Flamme Rouge by Forum 21 February 2021

I have written and released software for running games of Flamme Rouge by forum.

It's a very good game for play-by-forum, because there's only one round-trip per turn (and round-trips from player to moderator are the thing that slows down PBF games): player sees their hands, player makes their plays, once all plays are in the riders are moved and start again. (I have made a small optimisation which relies on the players to follow the rules: the messages to the players show both their riders' hands, hidden separately, and they need to remember to choose one rider, look at their hand, choose a card, and only then look at the other.)

Some people expect this kind of game assistance software to be one great monolithic block, as it would be if it were designed to be played in real-time. That's not the way I work; this is more of a bunch of little programs flying in close formation (with some shared code). The Linux command line is where I spend most of my time already…

So for example there's one program that has the specific job of "take the cards played by a single player, verify that they're valid, and record them". That's all it does; then it dumps me back to a command prompt.

Another program produces an image of the current state of the track, using an internal vector system to produce a bitmap at whatever scale is wanted. (I'd have done them in SVG, but it's painfully hard to merge one SVG file into another with exact placement.) The curved sections are drawn with straight edges, because it was easier to get up and running quickly – but also because the correct placement of a rectangular marker on a small curved space to minimise overlap with other spaces is not at all obvious.

This part actually produced most of the potential complications: I'm using icons for weather (from the excellent game-icons.net) which are CC-licenced, but because it's not always obvious just where a section of special terrain begins or ends (because, for clarity, my rider images take up most of the space in which they're placed) I also used some British road signs. I thought I'd have to replace them for the release.
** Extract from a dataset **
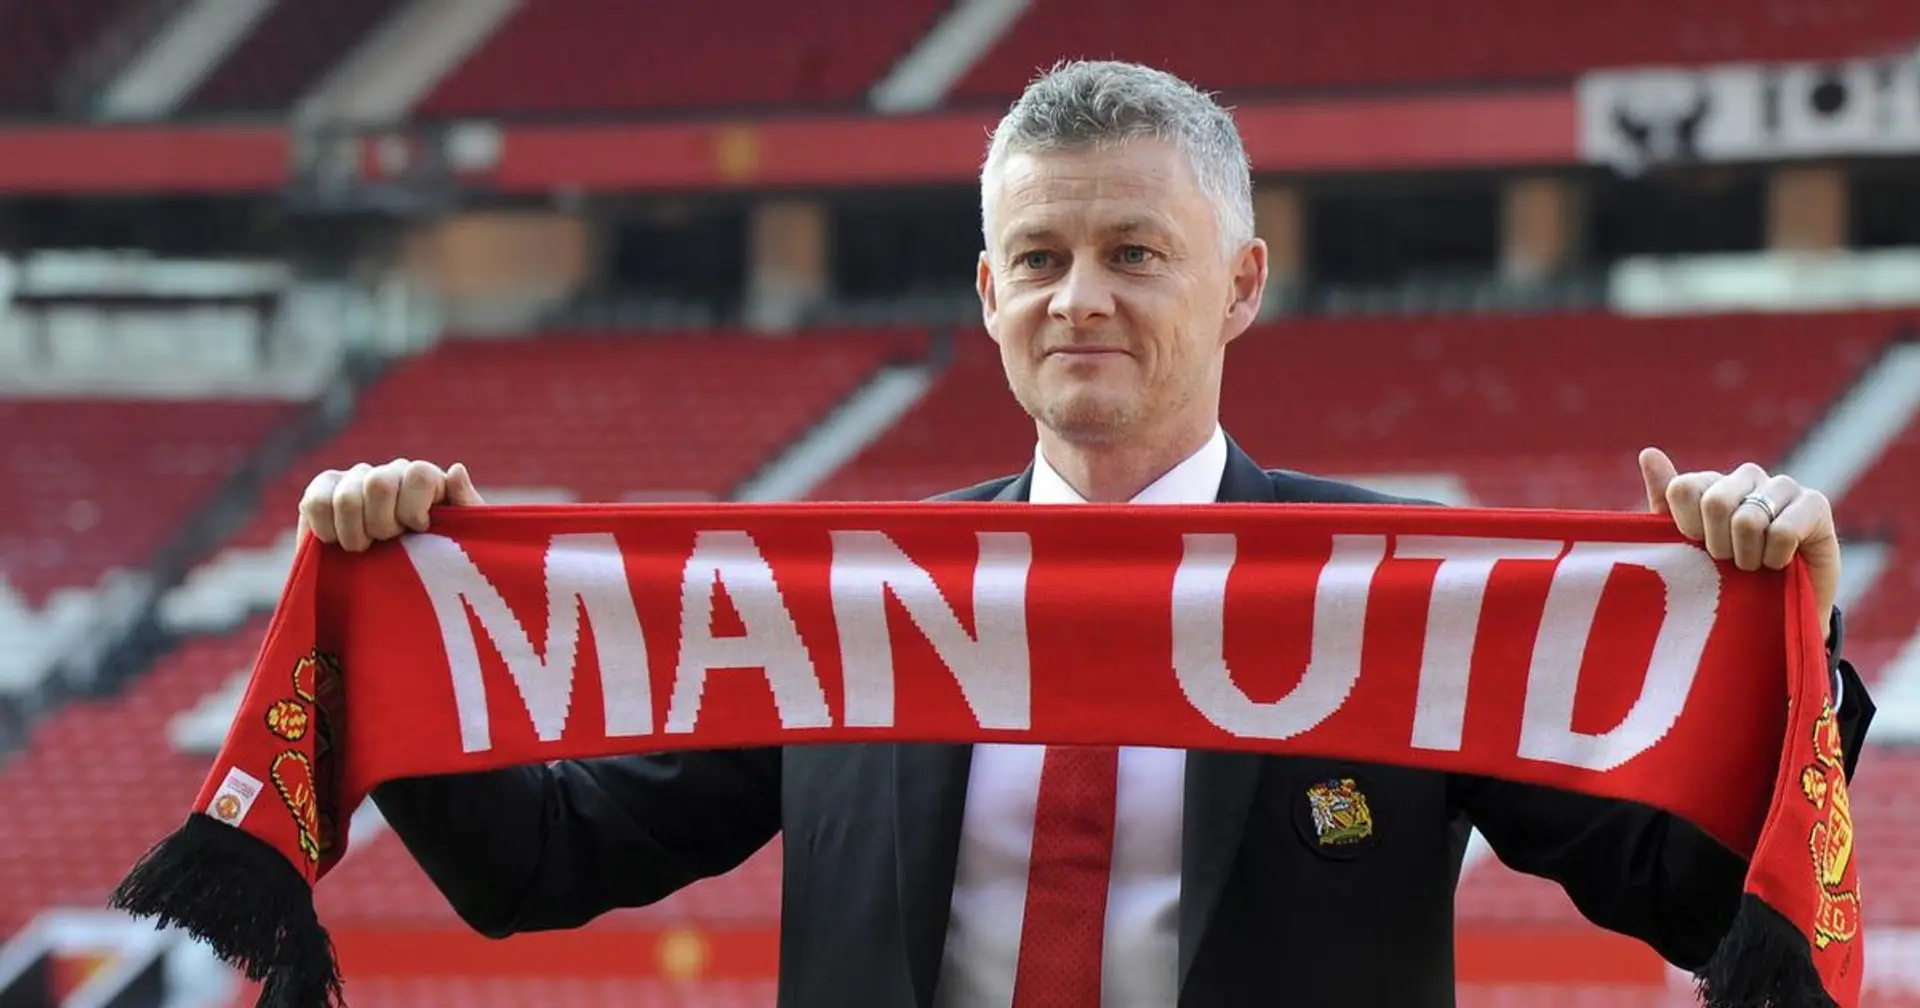 Top 4 ideas for a blog post topic: What 2020/21 holds for United, transfer business & more

But it turns out that the Highways Agency document "Know Your Traffic Signs" (which has all these signs in vector format, so I can trivially pull them out in Inkscape) is released under the Open Government Licence, so I can use them in public too.
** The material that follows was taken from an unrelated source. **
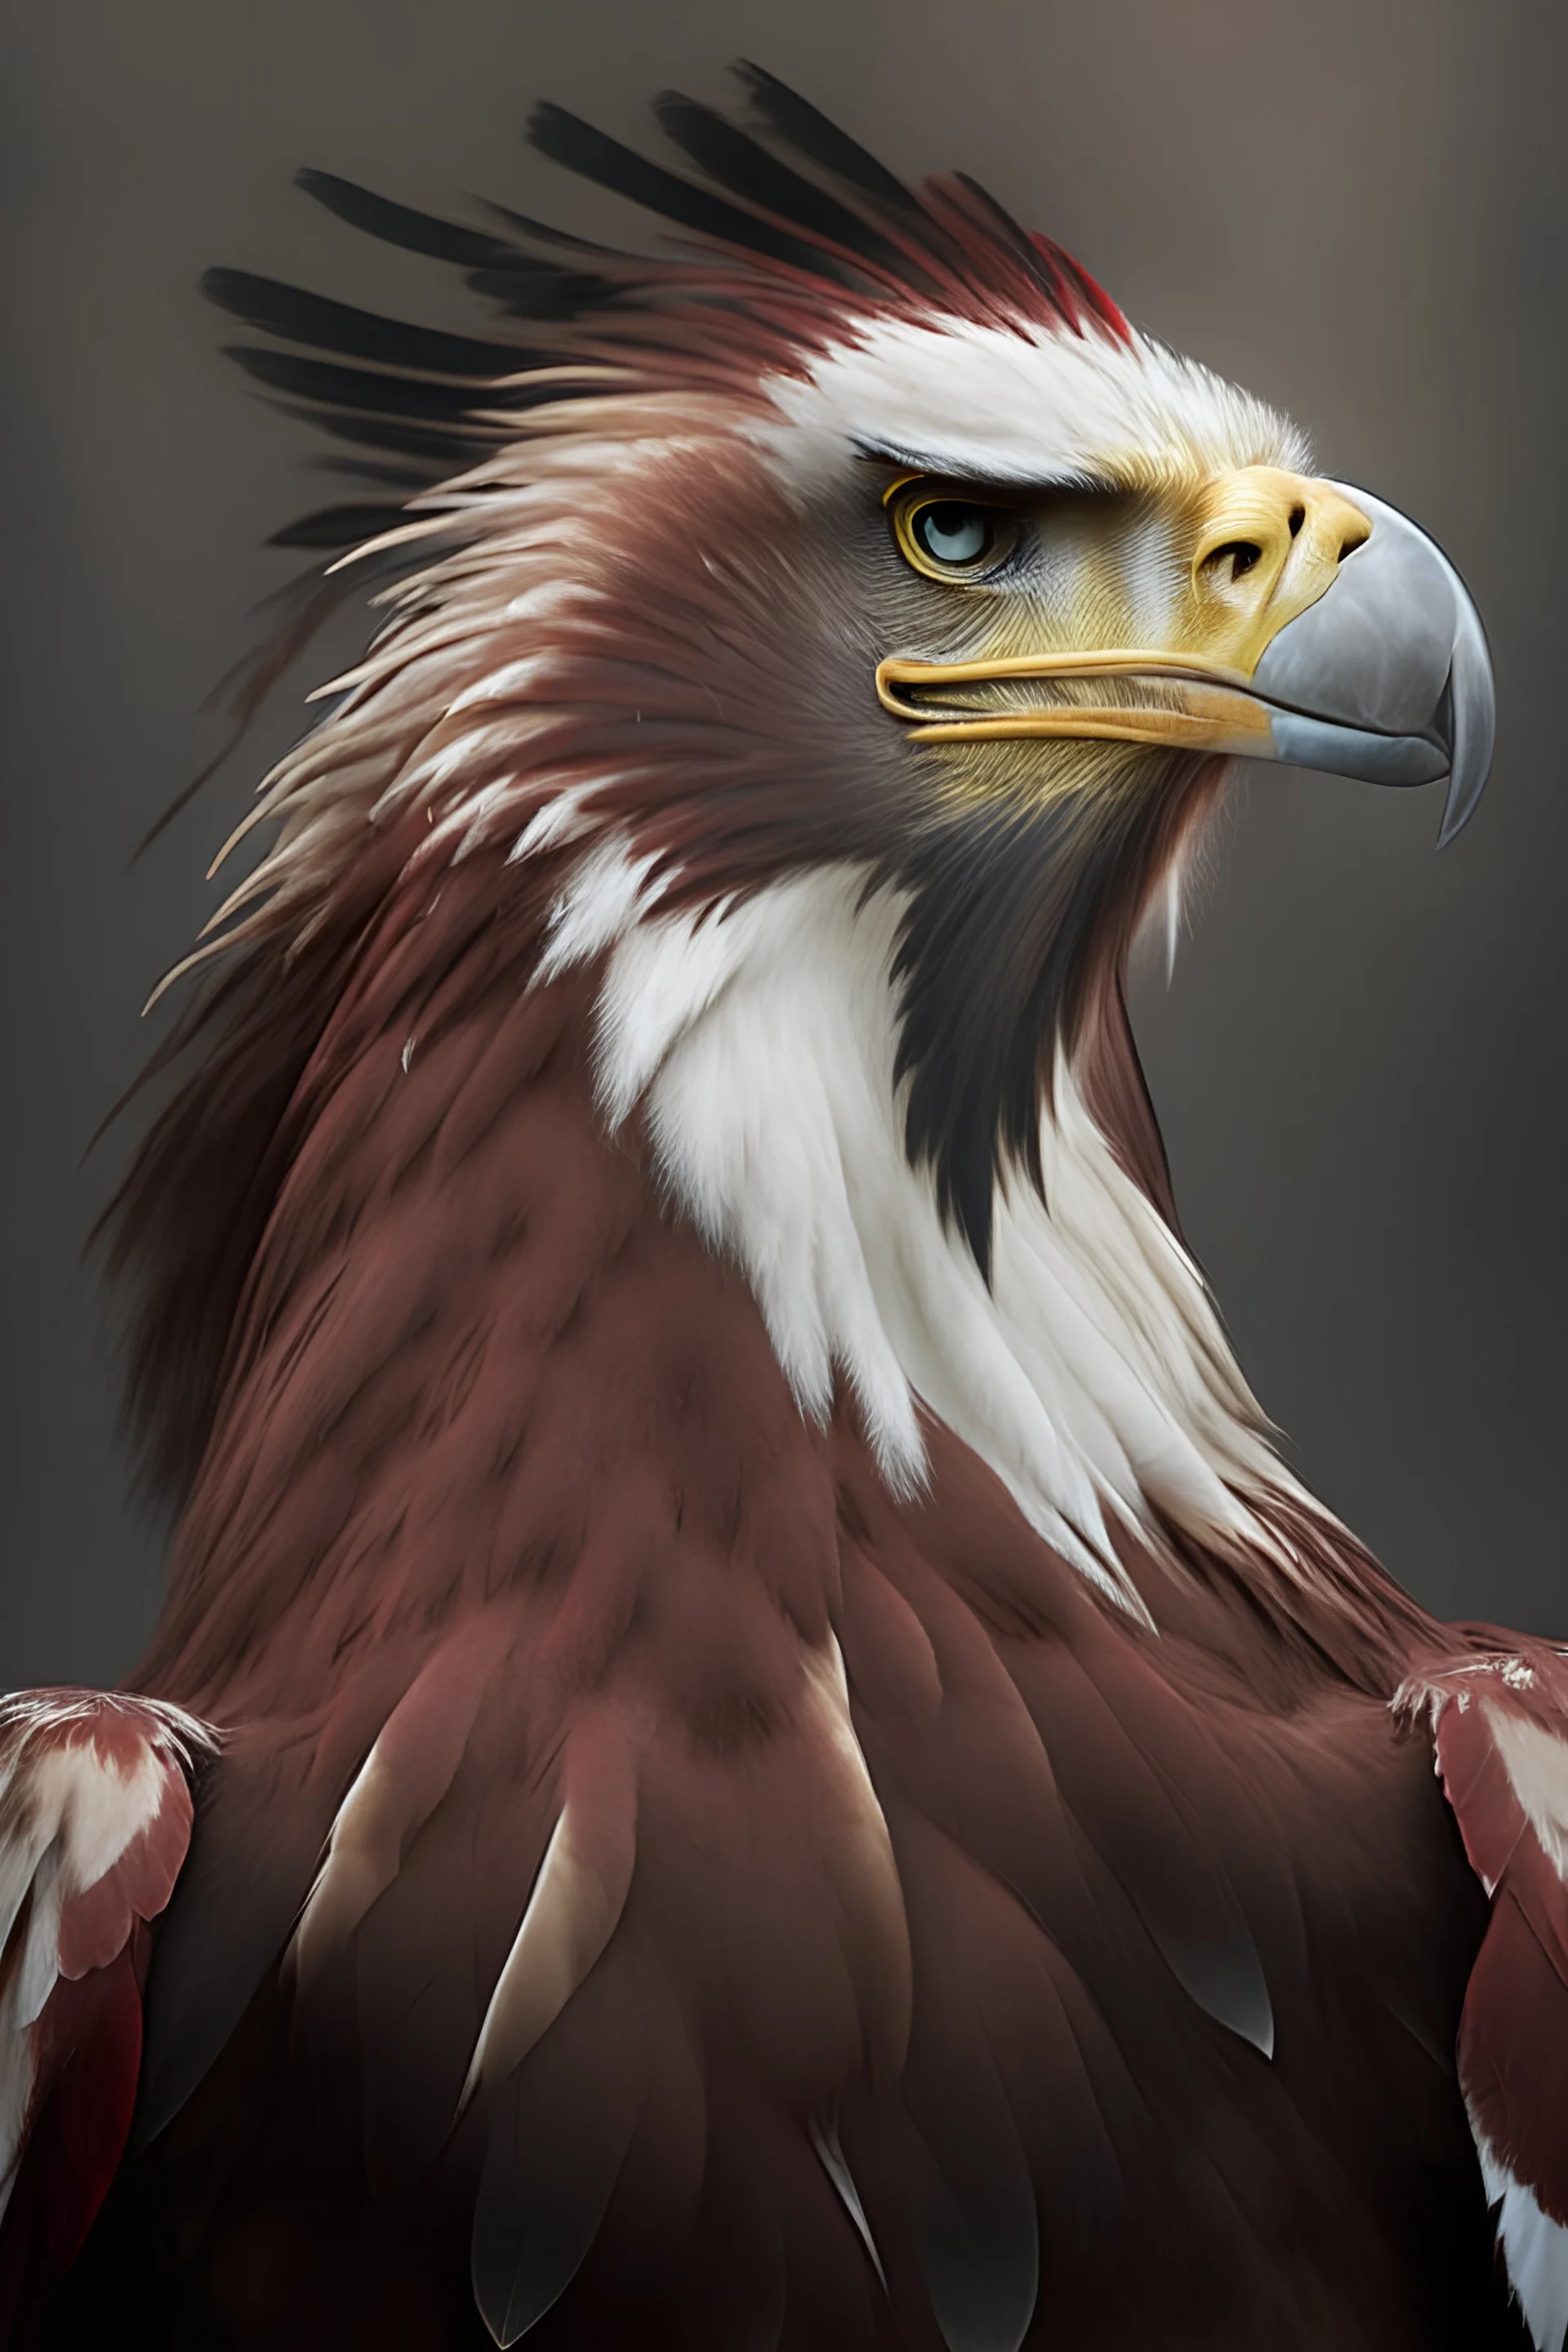 Aquilamon is giant Bald Eagle (Haliaeetus leucocephalus) with red feathers and a ruff of brown feathers at the base of it neck. Its head is adorned with two large horns and a single long feather as a crest.

All the game state is stored in YAML files (I like YAML, at least the sane parts without the encoded-object extensions), and every change in state produces a new file, so I have a full history of the game to look through.

All the rules are supported, including the weather from the Meteo expansion. (Probably the most complicated rule, certainly the bit that had most bugs, is slipstreaming, which is rather simpler on the table.) The unofficial Grand Tour rules are also in play, so you can run multiple races in a row and get intermediate and final standings.

Doing this also meant coding up all the courses I could find, including some promo courses of which I don't have physical copies. If I'm missing any, let me know. But you can design your own too; the software uses the same notation as the course cards.

There's no support for bot players yet, nor any for Time Trial mode (which I've never played). Some time soon maybe.

The code is on Github.


  1. Posted by John Dallman at 10:16am on 21 February 2021

    The road signs format and licensing is rather pleasing.

  2. Posted by RogerBW at 12:03pm on 21 February 2021

    I rather suspect that, like most people who produce PDFs, they have no idea that it's possible to get stuff out of them again. But I'm not complaining, and I think this usage is reasonable.